___ Data records
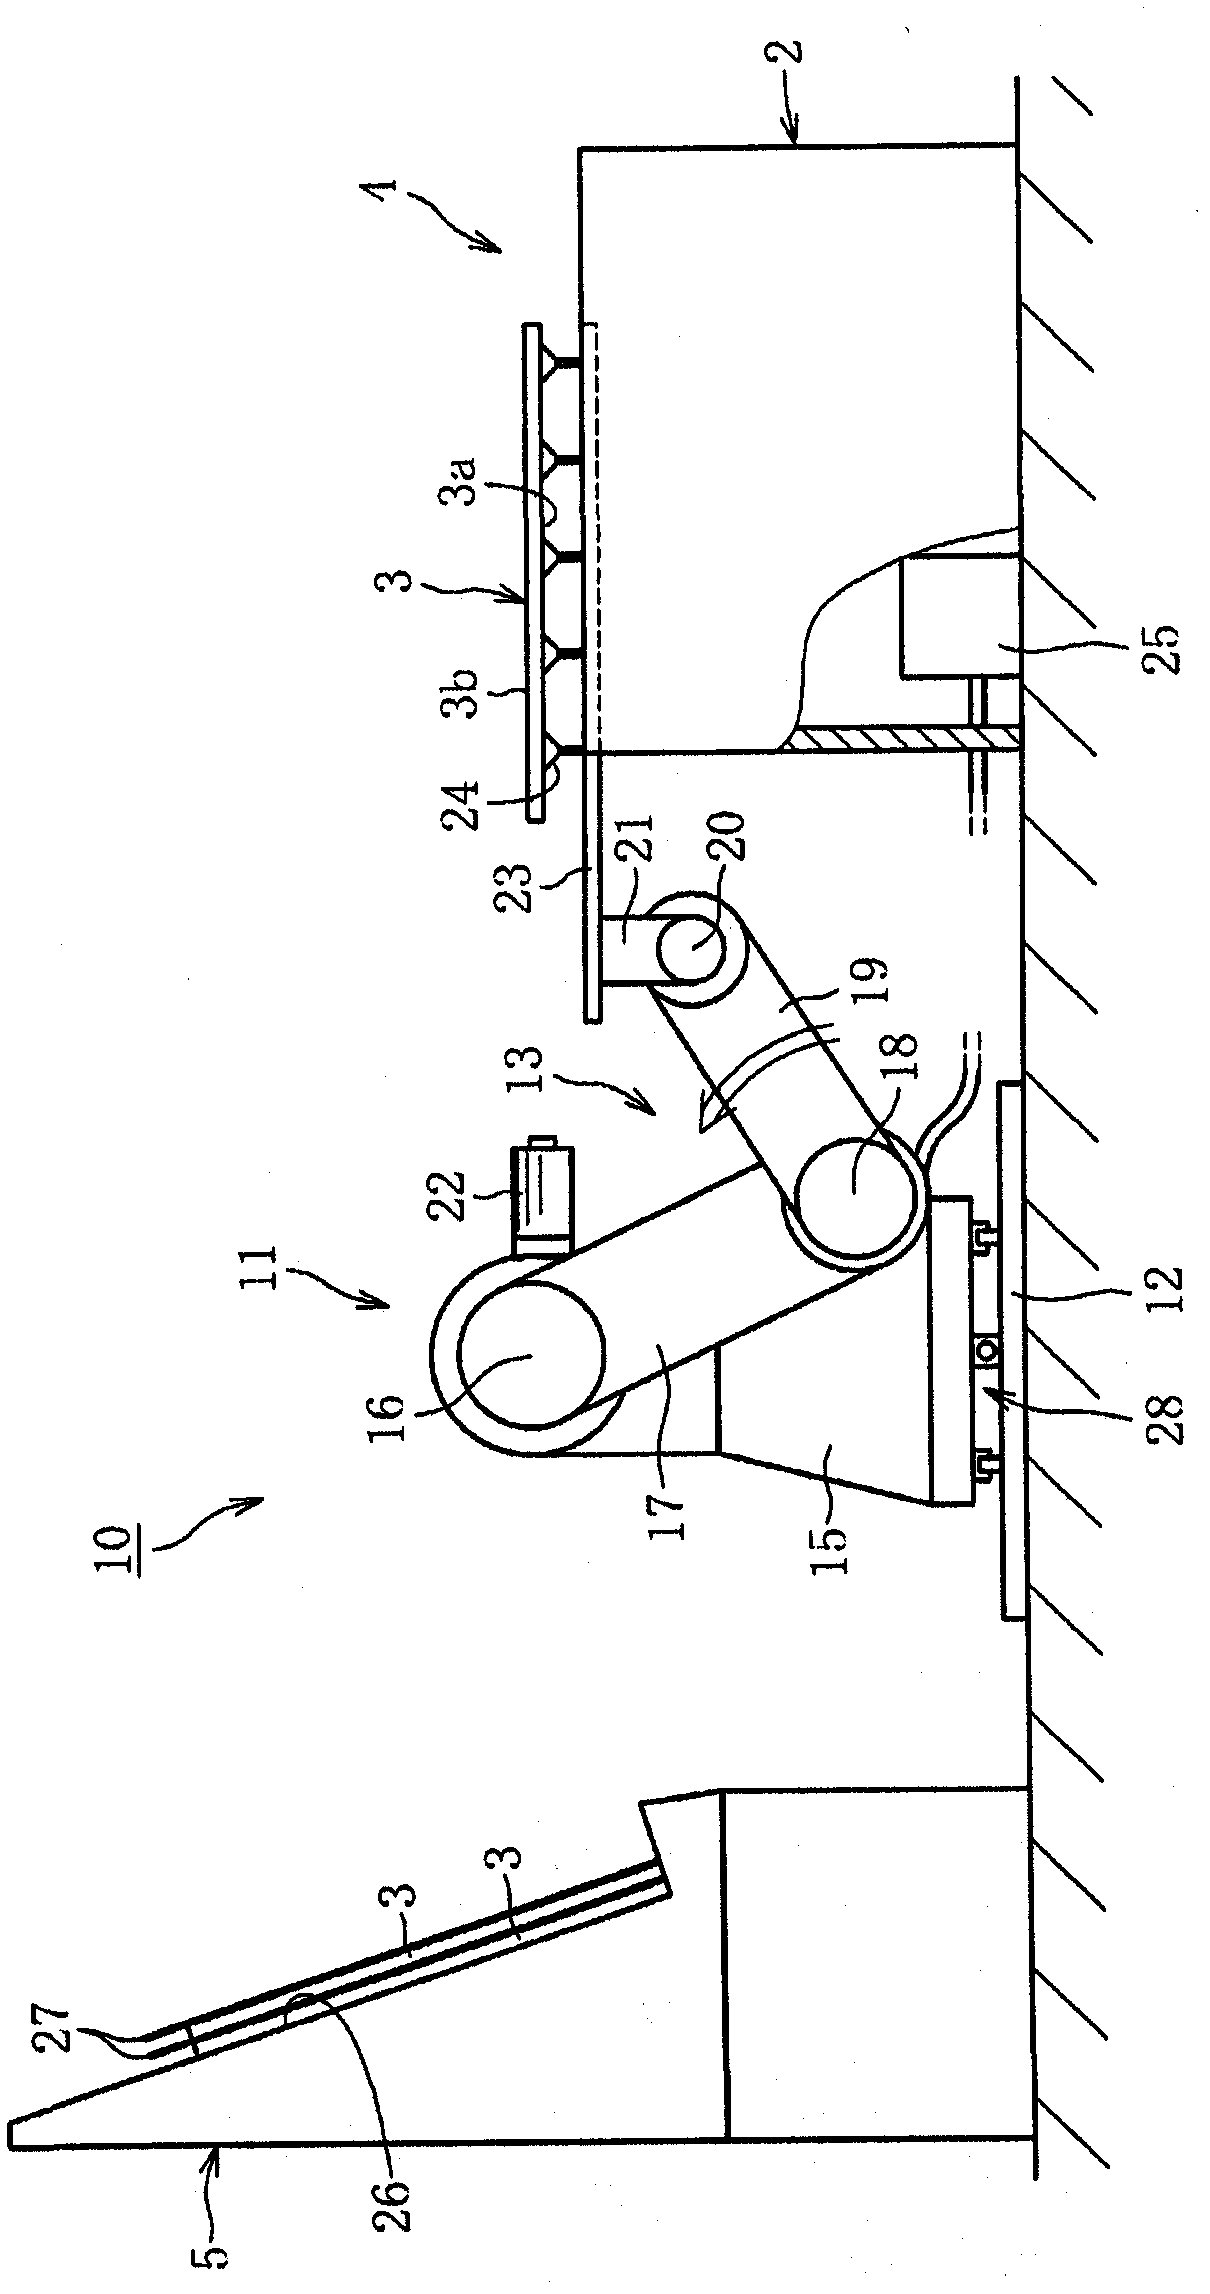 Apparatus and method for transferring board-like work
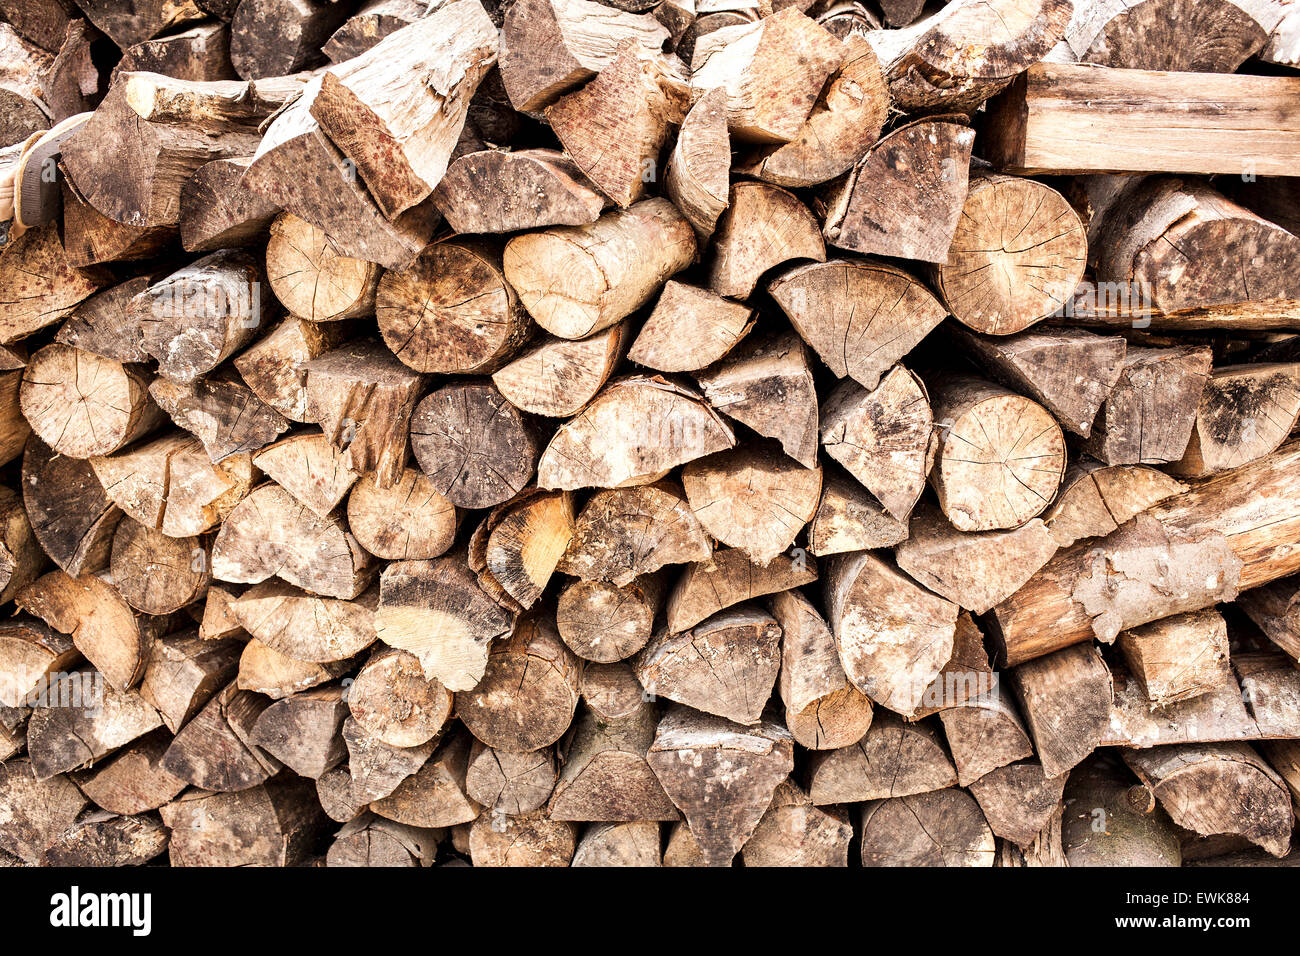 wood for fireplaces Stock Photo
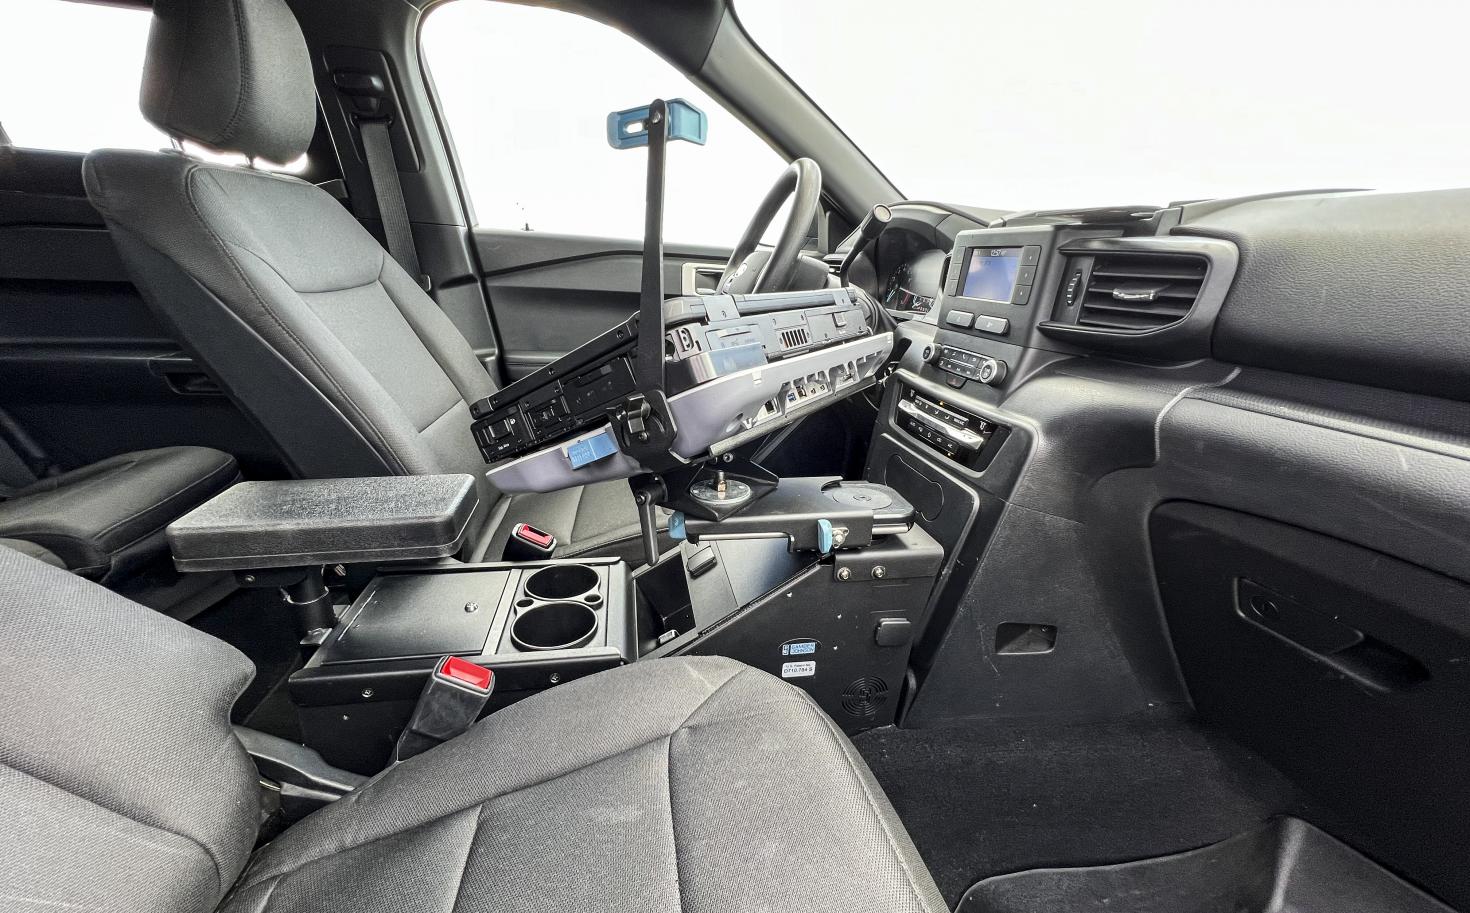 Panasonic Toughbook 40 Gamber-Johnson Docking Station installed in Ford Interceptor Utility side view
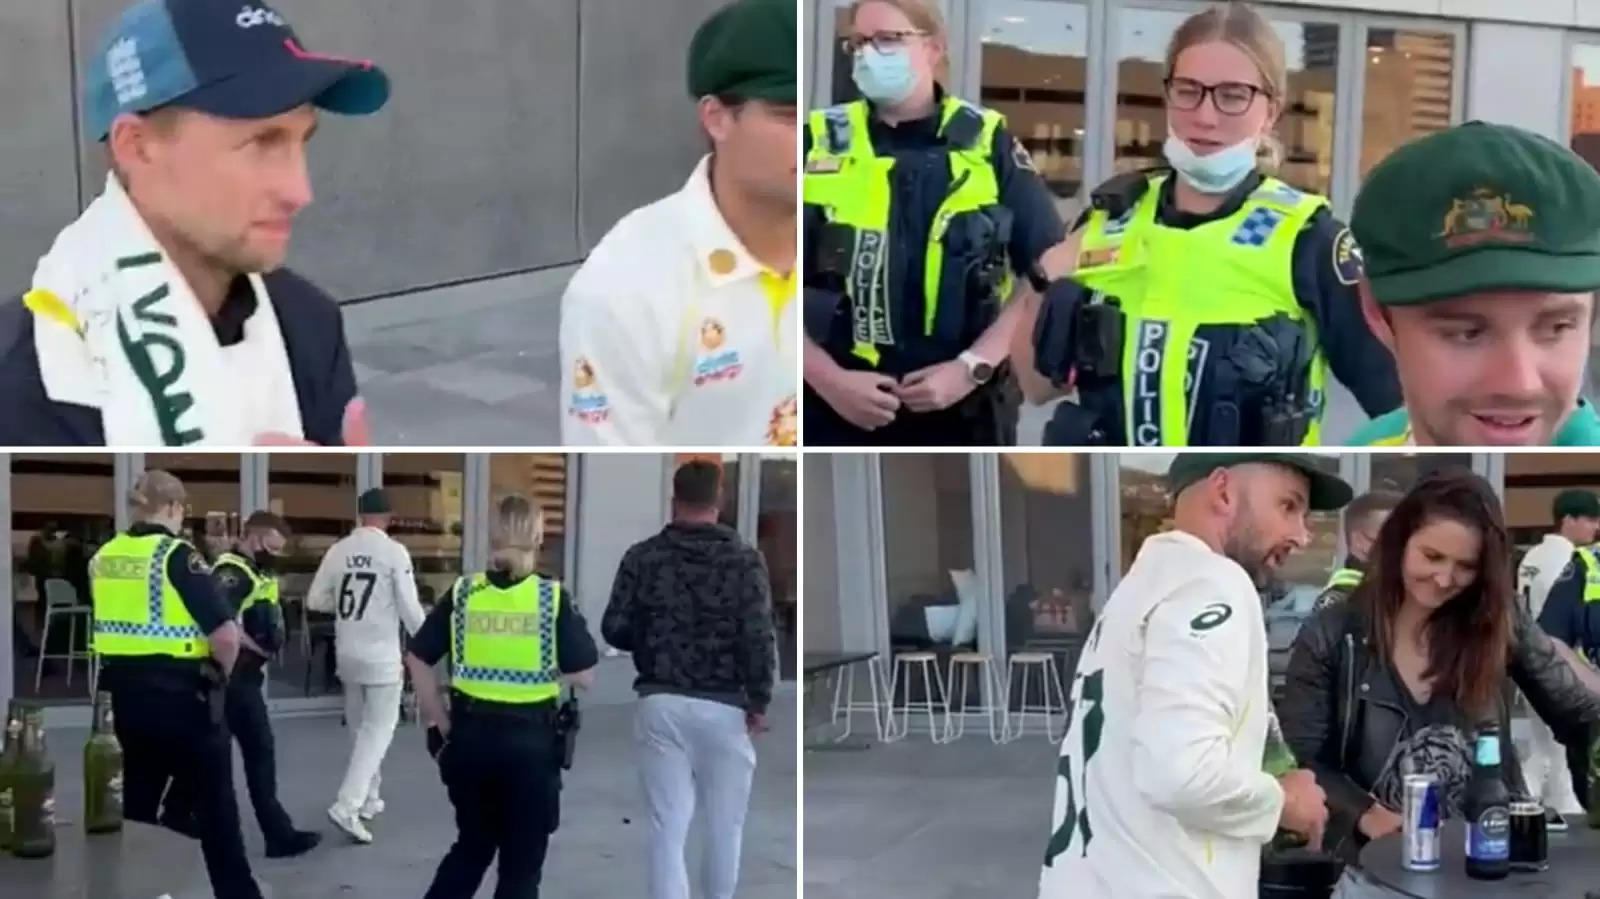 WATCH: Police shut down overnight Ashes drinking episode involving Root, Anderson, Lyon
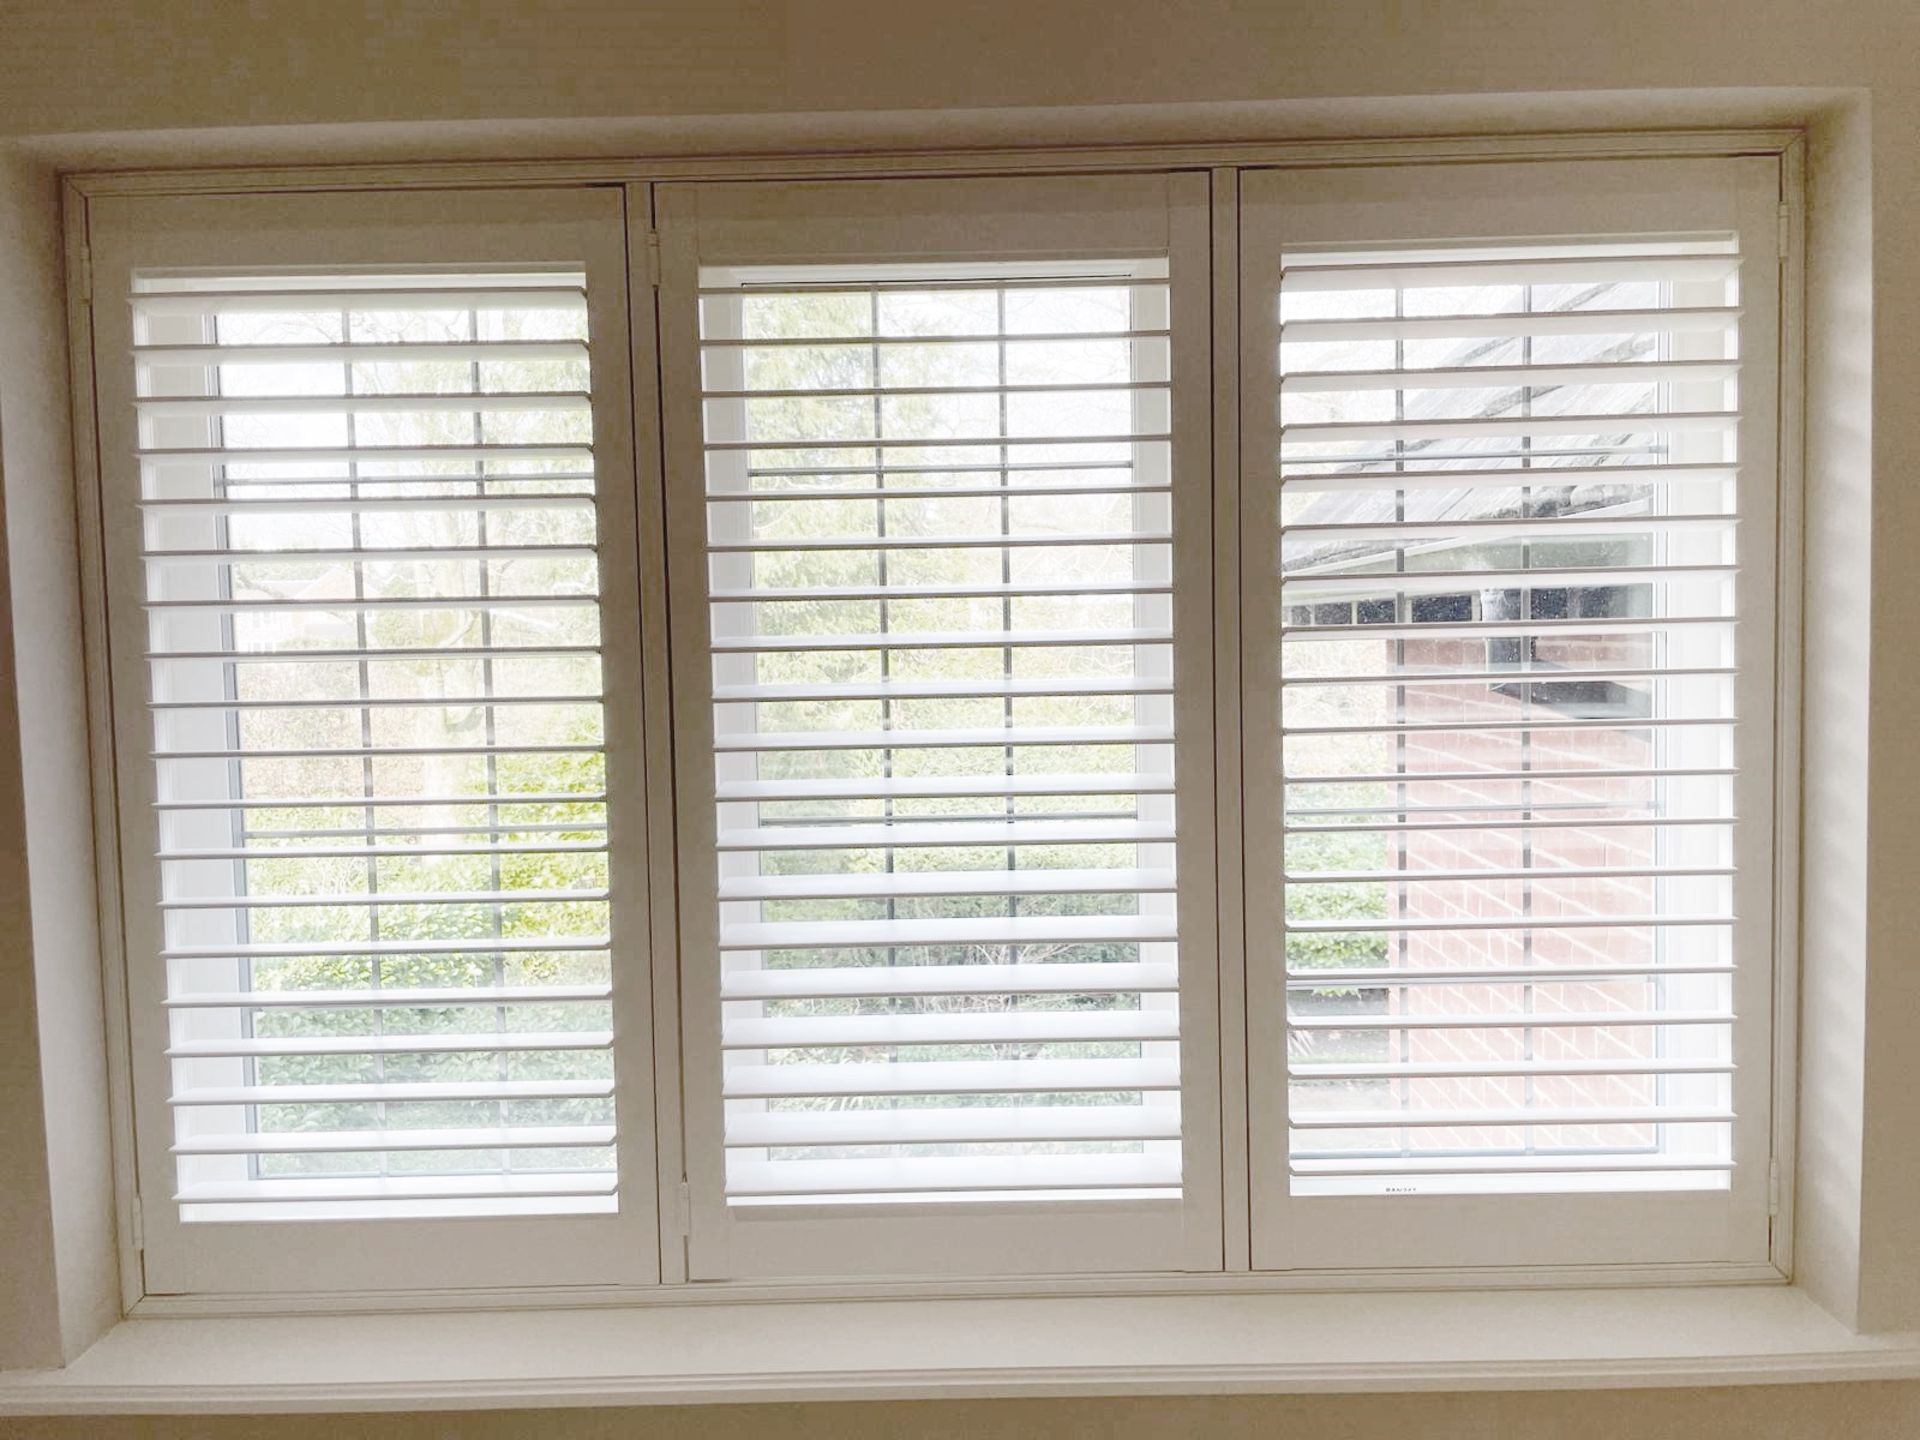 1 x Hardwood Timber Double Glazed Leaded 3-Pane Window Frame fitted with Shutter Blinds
______
- [Activity]
Leaving out the pictures, restate word for word the lines above from the one containing "wood for fireplaces Stock Photo" through the end of the records, both ends included.

- [Answer section]
 wood for fireplaces Stock Photo
 Panasonic Toughbook 40 Gamber-Johnson Docking Station installed in Ford Interceptor Utility side view
 WATCH: Police shut down overnight Ashes drinking episode involving Root, Anderson, Lyon
 1 x Hardwood Timber Double Glazed Leaded 3-Pane Window Frame fitted with Shutter Blinds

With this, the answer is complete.